▶ _YOUR OBJECTIVE_
Please give back, word for word, only the lines starting at the one containing "League Of Legends" and ending at the one containing "Free Editable T-Shirt PSD Mockup" within the material below.

▶ _GIVEN RECORDS_
* * * * * * *
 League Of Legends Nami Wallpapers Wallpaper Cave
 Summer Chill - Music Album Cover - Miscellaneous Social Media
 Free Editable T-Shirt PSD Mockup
* * * * * * *
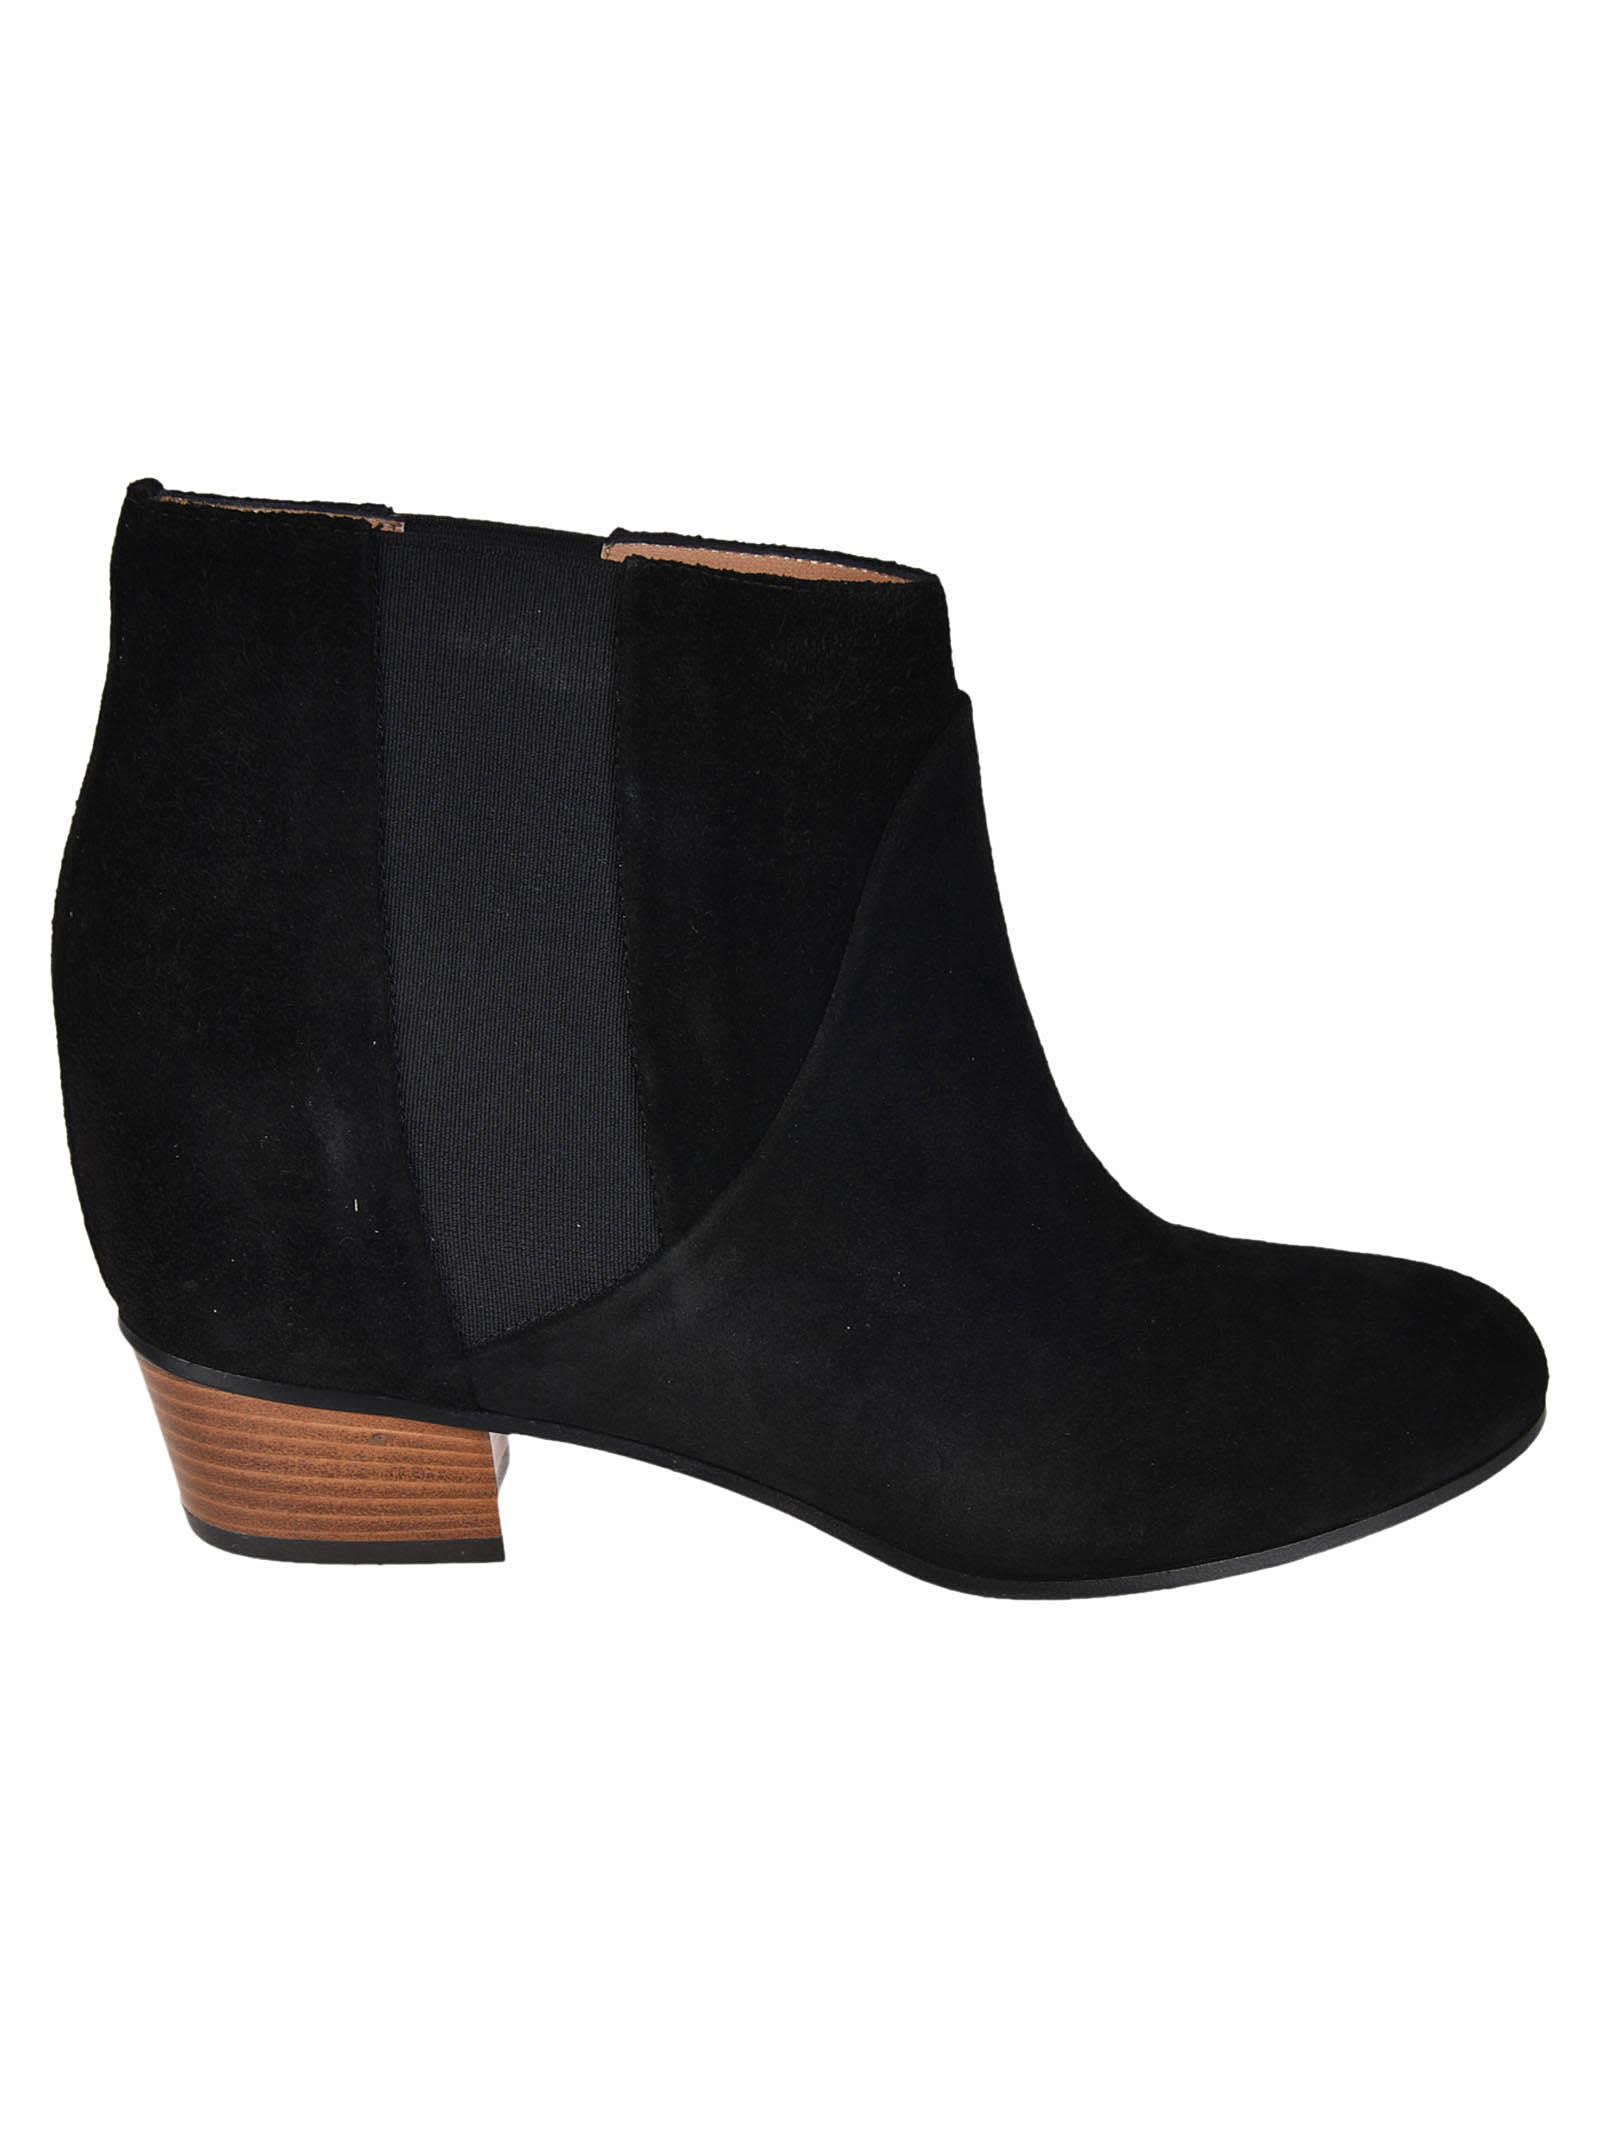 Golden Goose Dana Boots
* * * * * * *
▶ _ANSWER TO THIS TASK_
 League Of Legends Nami Wallpapers Wallpaper Cave
 Summer Chill - Music Album Cover - Miscellaneous Social Media
 Free Editable T-Shirt PSD Mockup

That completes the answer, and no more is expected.